DIRECTIONS FOR THIS TASK ▸ Write out the listing below character for character, though without its pictures.

DATA PROVIDED ▸
====
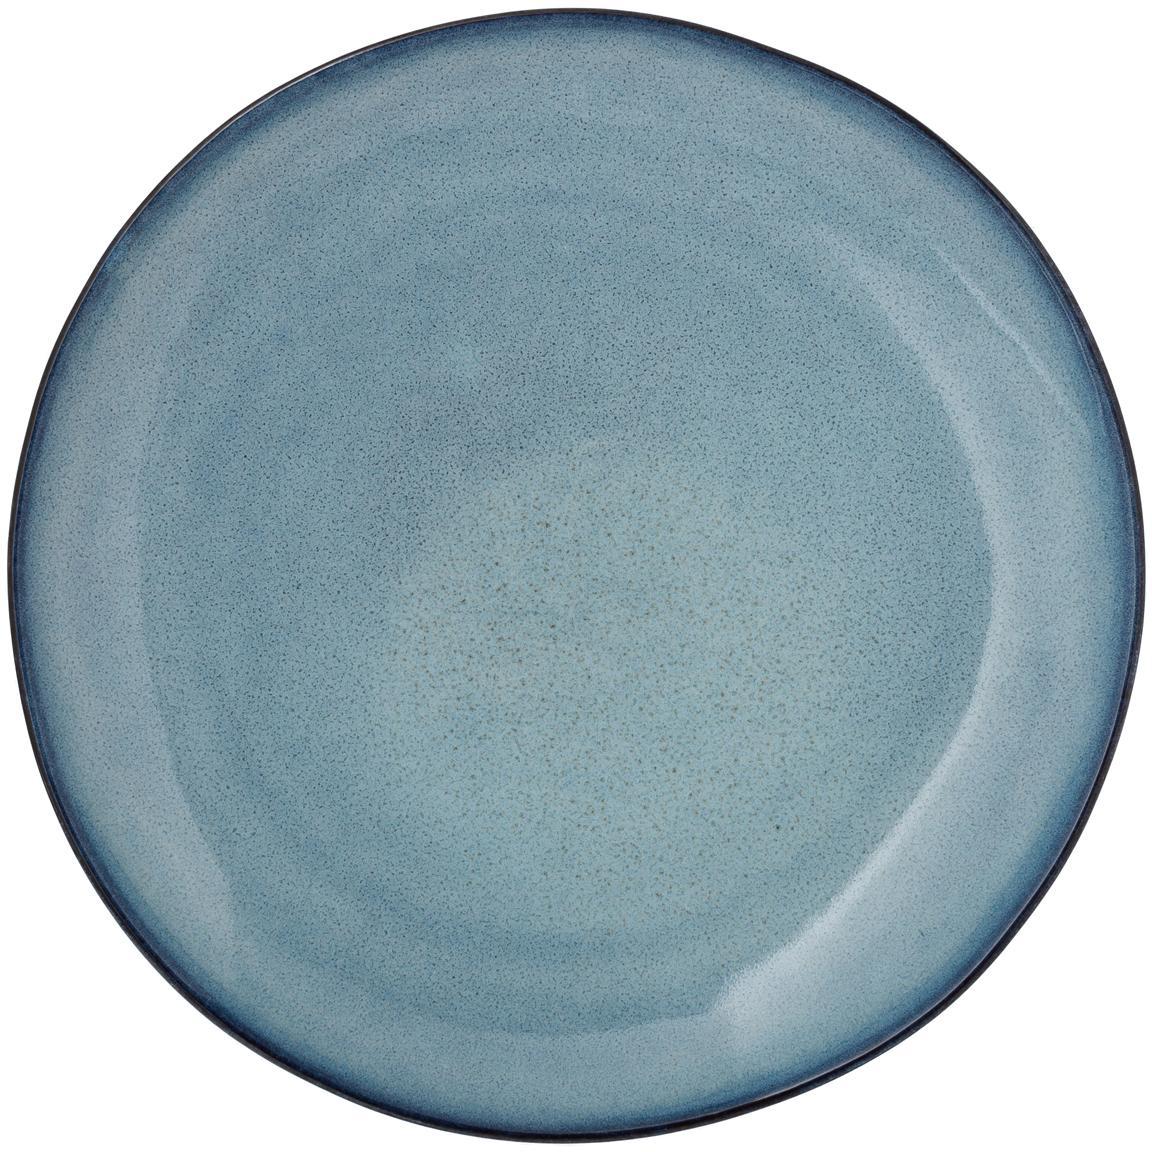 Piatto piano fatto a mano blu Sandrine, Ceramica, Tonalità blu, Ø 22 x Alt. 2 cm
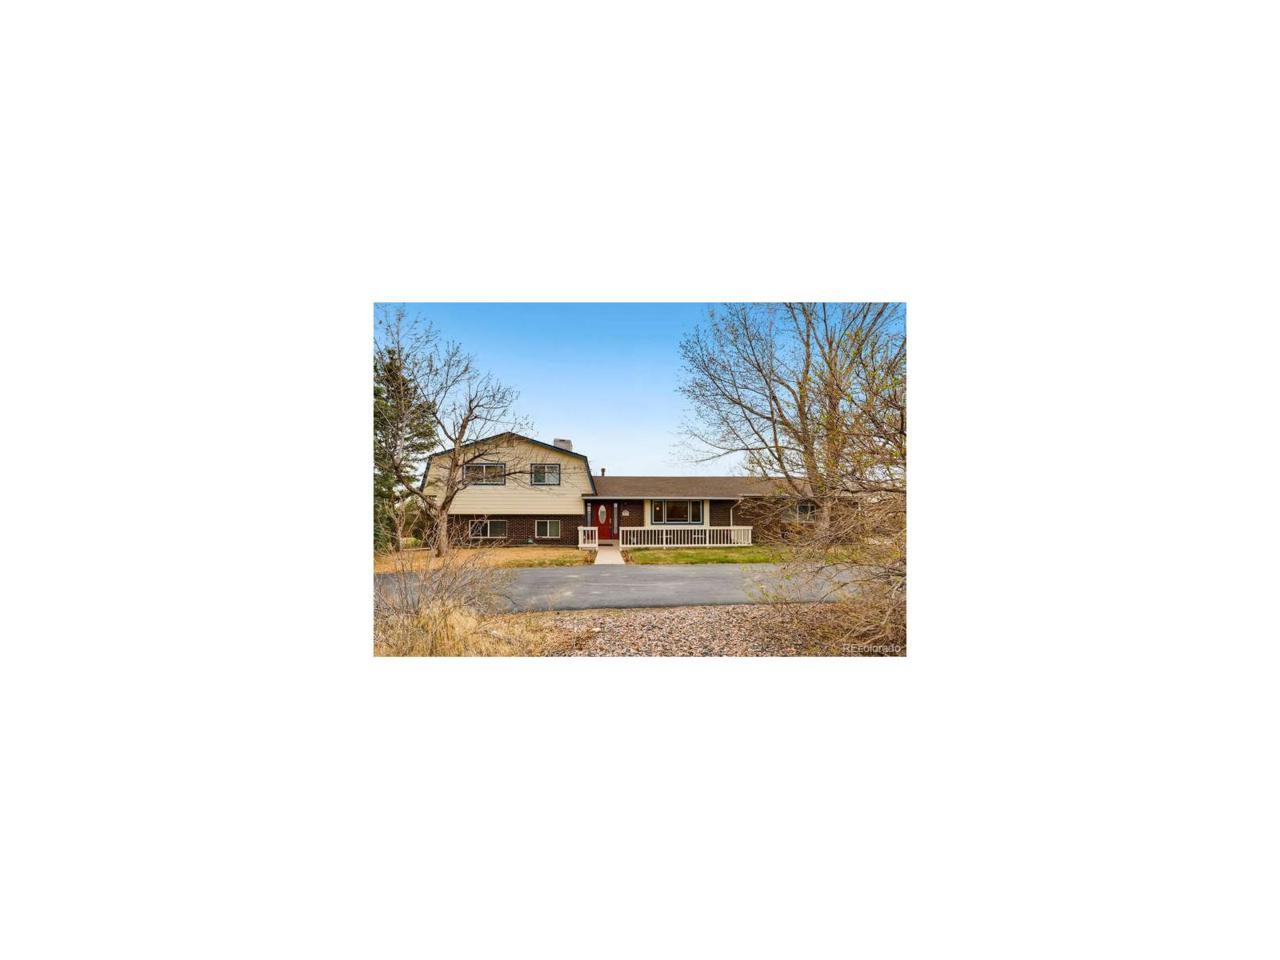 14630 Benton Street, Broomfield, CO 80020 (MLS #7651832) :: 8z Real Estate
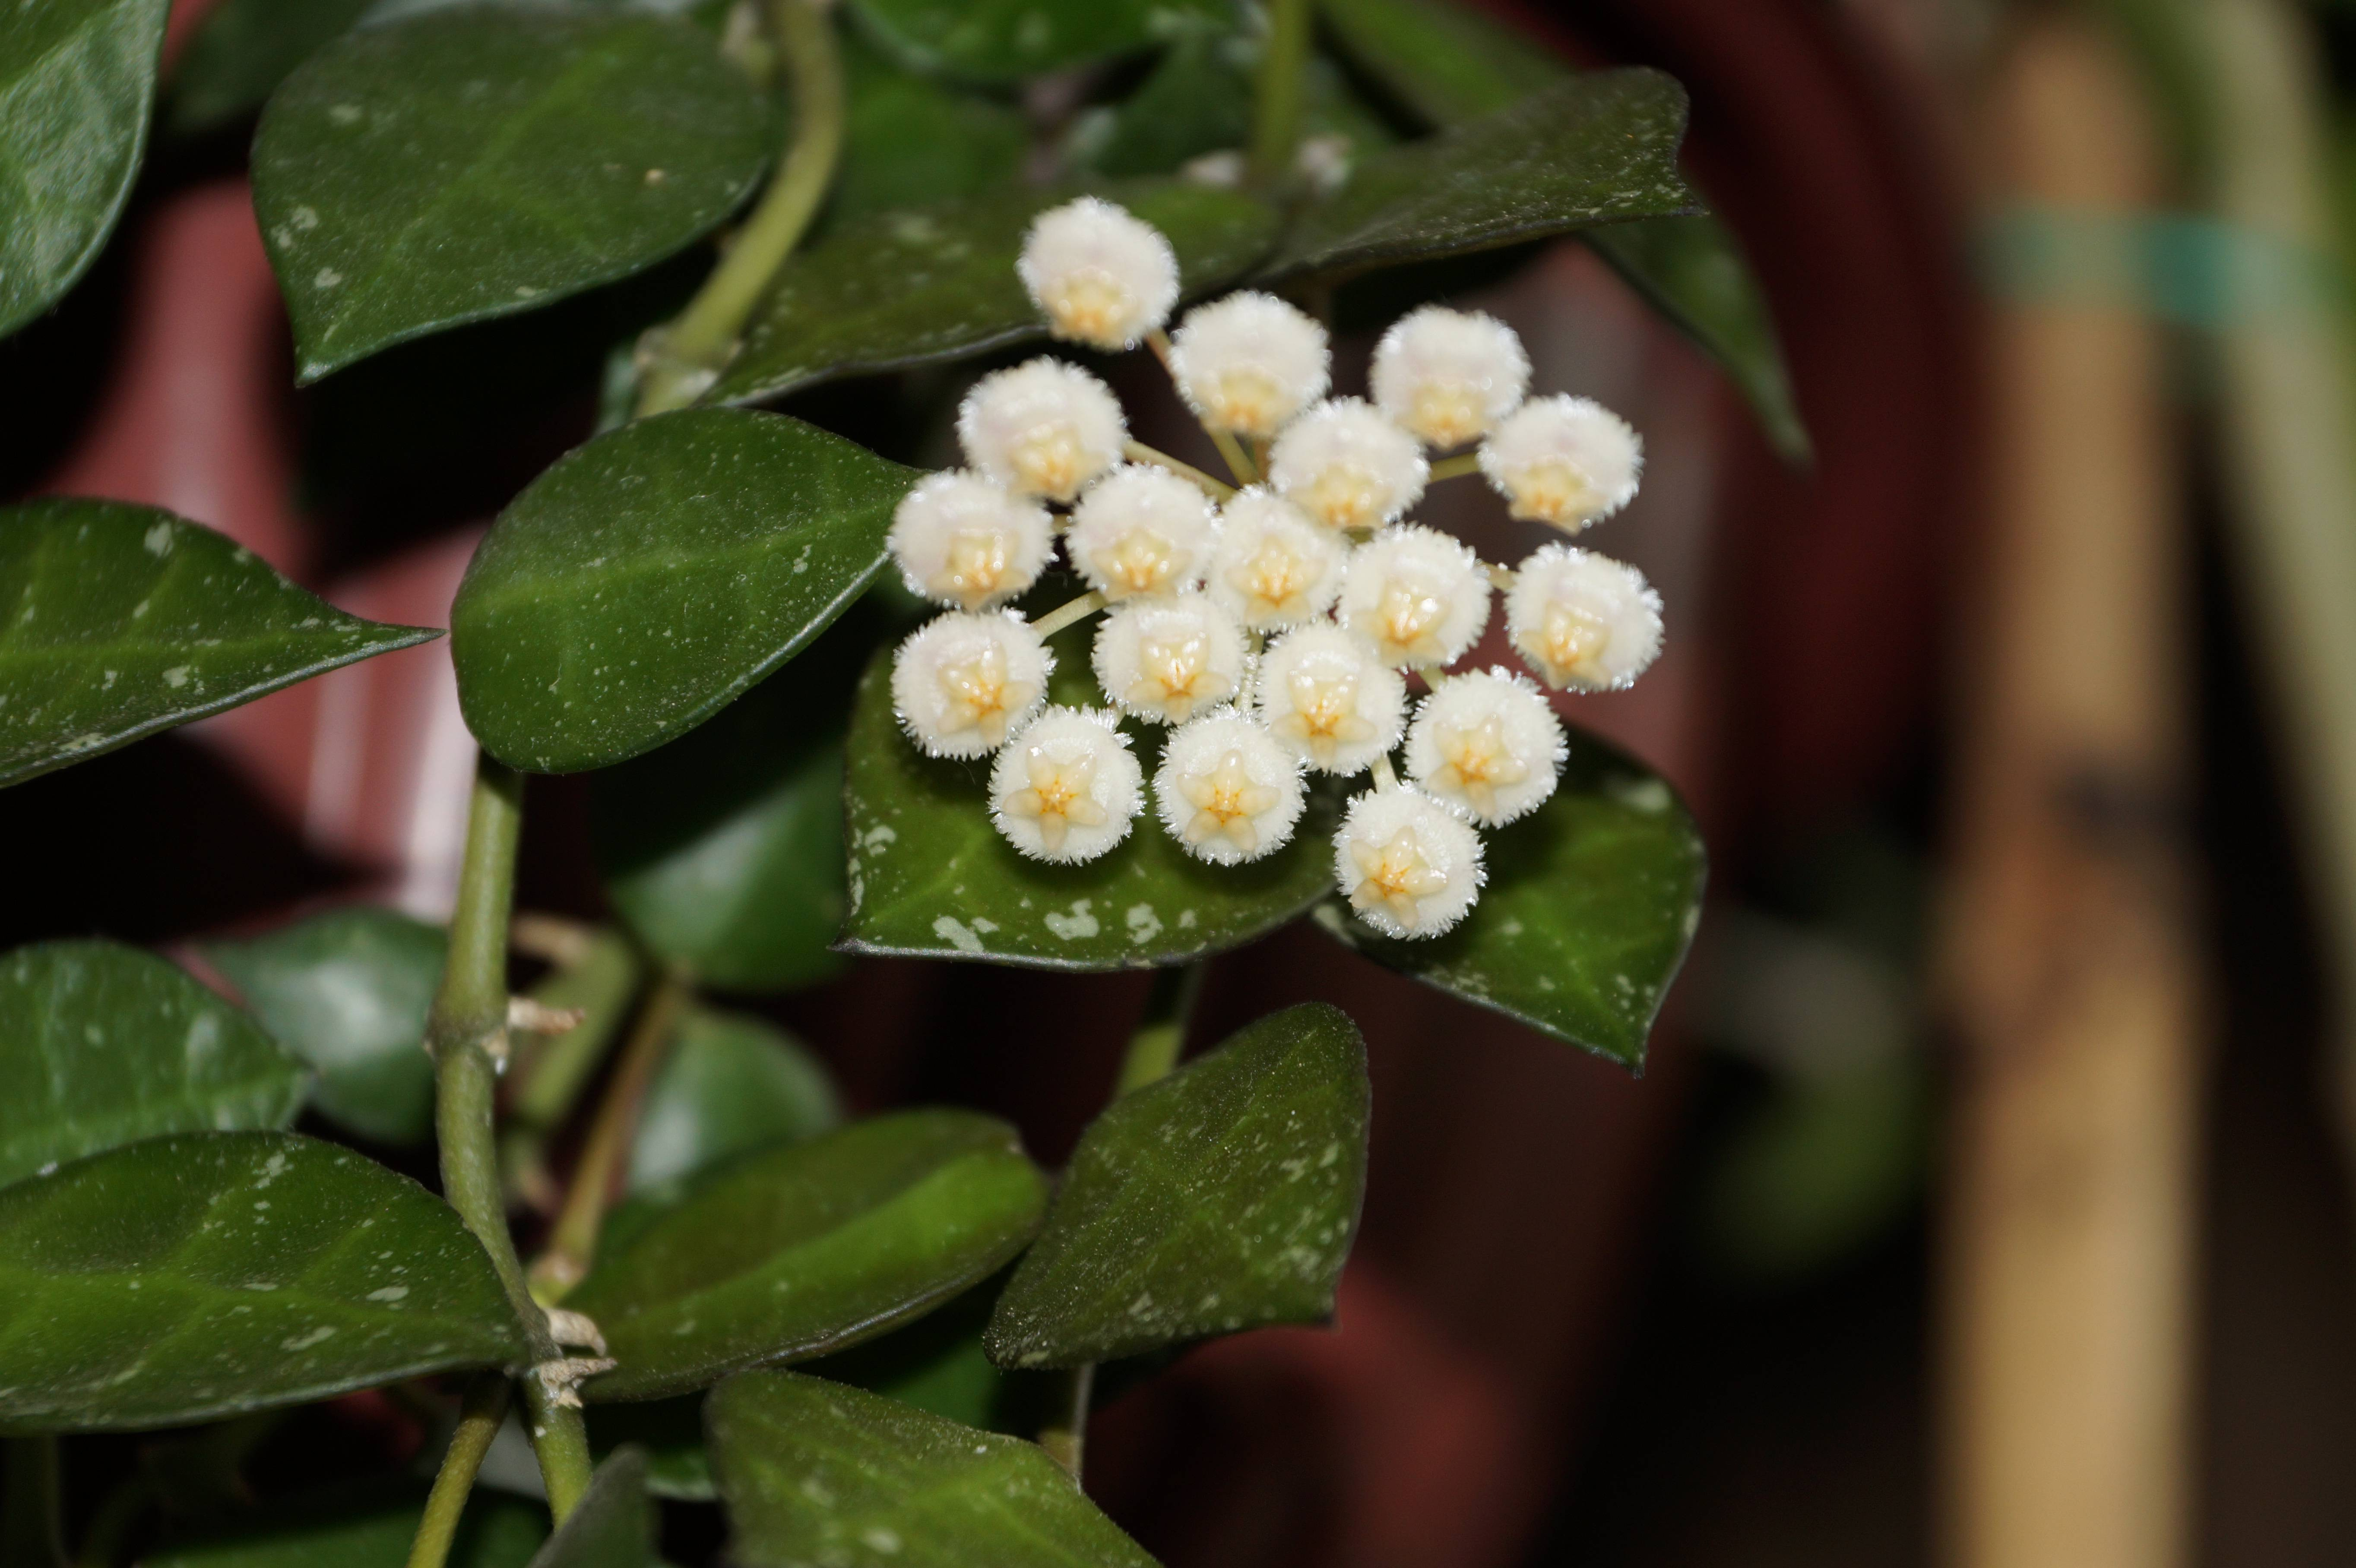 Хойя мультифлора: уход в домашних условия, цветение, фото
====
RESULT OF THE EXERCISE ▸
 Piatto piano fatto a mano blu Sandrine, Ceramica, Tonalità blu, Ø 22 x Alt. 2 cm
 14630 Benton Street, Broomfield, CO 80020 (MLS #7651832) :: 8z Real Estate
 Хойя мультифлора: уход в домашних условия, цветение, фото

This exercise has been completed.